Anyway, it never seemed like I was afraid of someTHING or someONE when I was there - the fear seemed to come from everywhere, from the room. I haven't been there in years, and I can see every detail. And when I think about how I haven't been there in years, I feel this weird longing. I think about how whoever my cousins sold that cabin to has probably decided they didn't dig the retro-red-carpeted floors and walls and has taken them out, that the shuffleboard table is probably gone, the pinball machine was probably trashed, and I get upset. When I first heard they'd sold it, I tried to think of ways to buy it back just to save the room, even though I don't have that kind of money.
Does anybody have any thoughts on why I'm not able to get that room out of my head?
Just wanted to throw something else out there since I had another dream about the game room night before last...
Usually the dream is always the same - I go down the stairs into the room, look around, see everything is the same, and then start walking to the end of the room I never liked, get to the shuffleboard table, run a puck down it, and that's it. This time, the dream was different. I was walking toward the far end of the room and all of a sudden the stereo behind the bar came on. The stereo was an old one with a turntable and eight-track player. Somebody's case of old eight-tracks from the 70s used to always stay in one of the cabinets and my cousins or friends or whoever was there and I would always get them out and play them. My favorite ones to play were the Pink Floyd albums. Well, in the dream, I hear the stereo click on. I look over at the bar and see the old eight-track case open on the counter and then all of a sudden "Wish You Were Here" by Floyd starts coming over the speakers. My first instinct was to run, obviously, but I walked over to one of the bar stools and sat down. I noticed that there was no eight-track in the stereo. I pulled the case over to me and noticed all the Pink Floyd albums were missing.
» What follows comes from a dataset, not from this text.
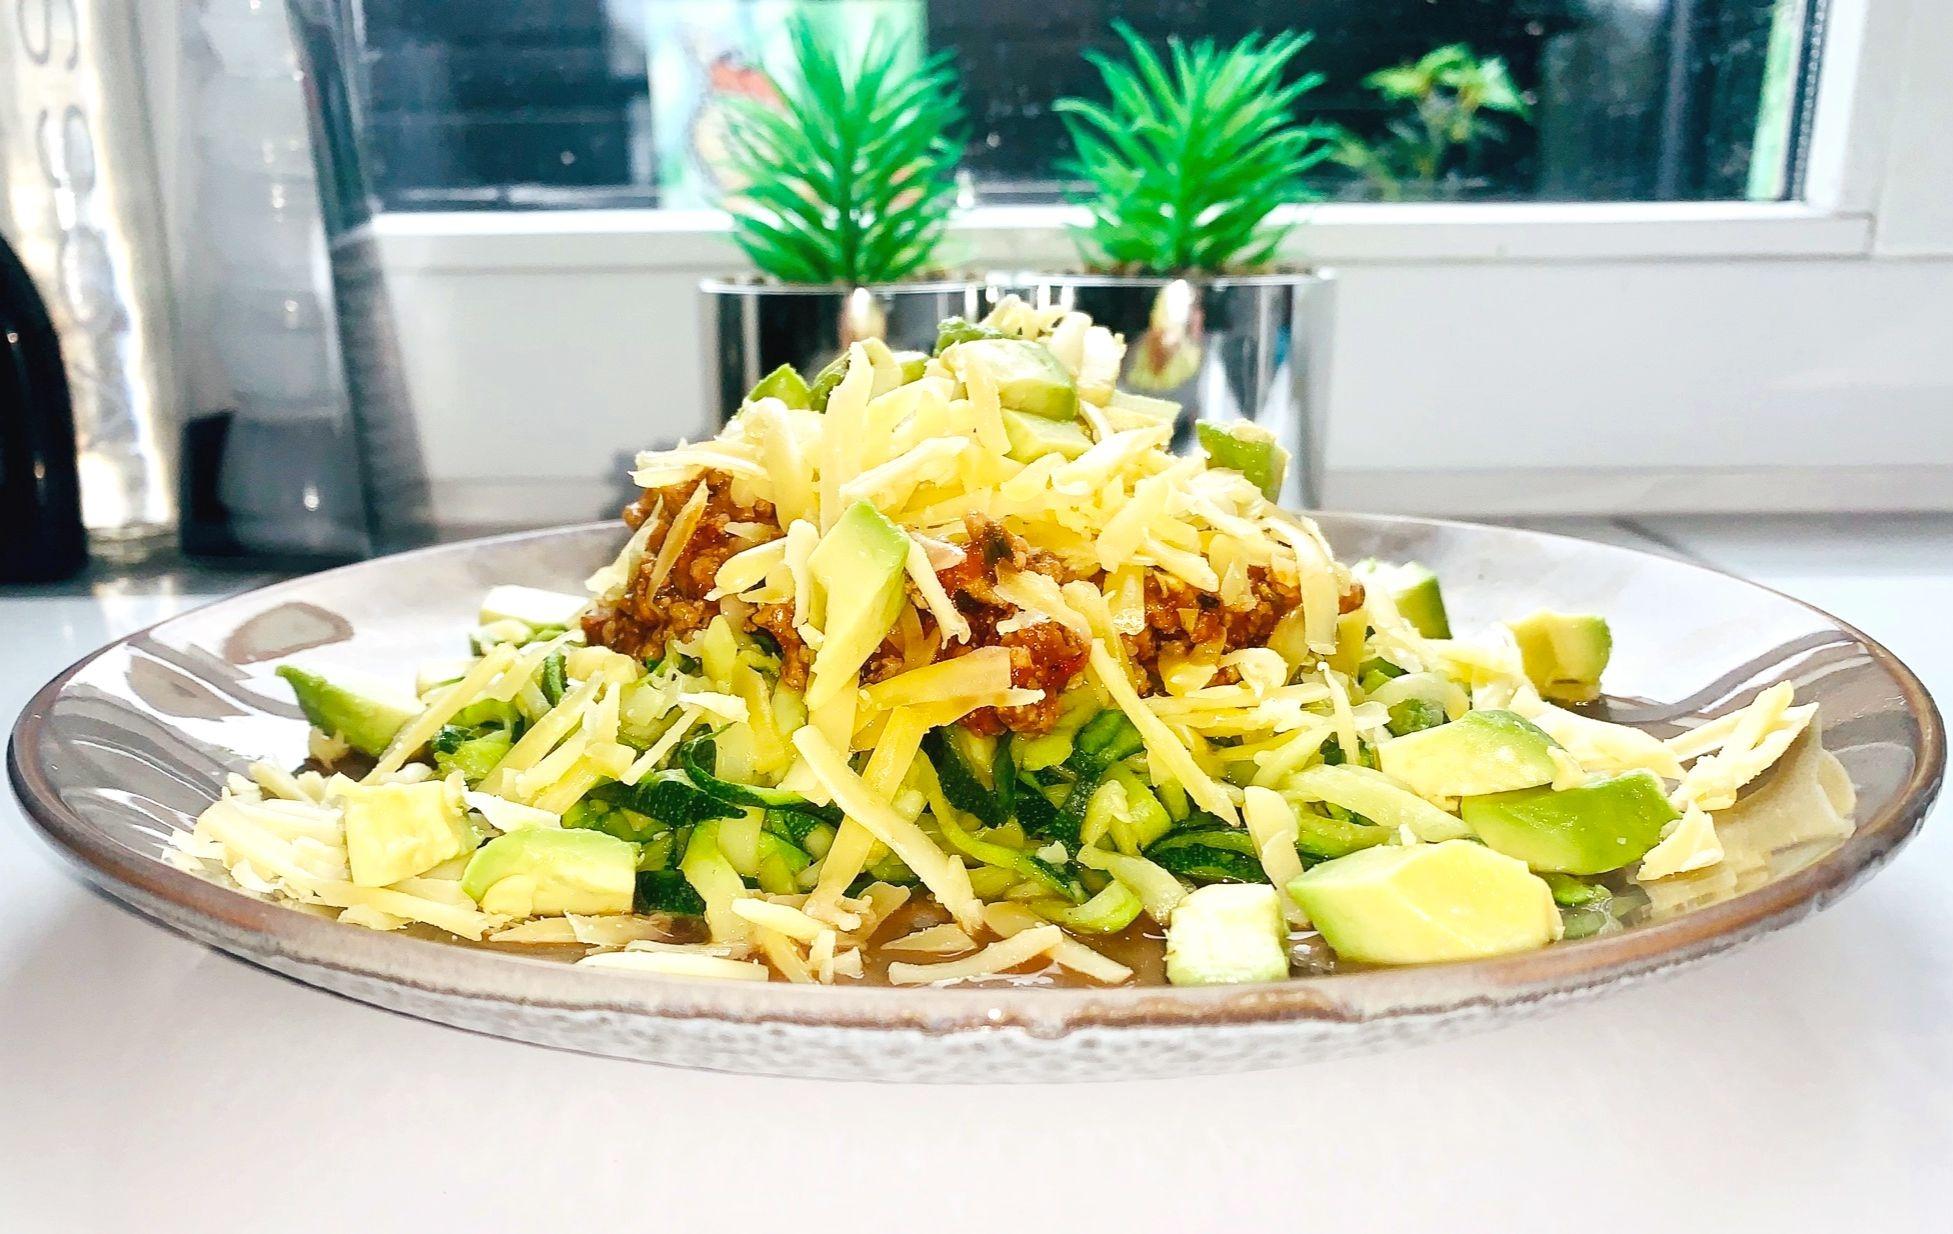 Recept: Keto Courgette Spaghetti (Courgetti)

I was, for some odd reason, calmer at that point about a stereo with no eight-track in it playing Pink Floyd in a deserted basement. :D I wasn't looking to run for my life anymore, but I got up again with the intent to leave the room regardless. But when I got to the base of the stairs, this weird sensation came over me. It was almost like in my dream I realized I was dreaming - that I was conscious of lying in bed at my house but I could still see myself in the room. The music got all tinny, like it was coming from far off. I saw myself turn and start to walk back over to the bar and in my mind I was trying to get myself to turn around and leave, but it was like the me in the dream was compelled to go back over, like I'd sensed or seen something else that I wanted to check out.
At that point, I woke up and was standing next to my bed. Anyway, I don't know what to make of any of it, other than that the dream got weirder and I must have been sleepwalking or about to sleepwalk. I've done that a few times in the past, so I don't guess it's abnormal. Anyway, just wanted to know if anyone had any thoughts on why a dream that's been the same for about 7 years would switch all of a sudden. Is it just because I was giving more thought to the dream lately?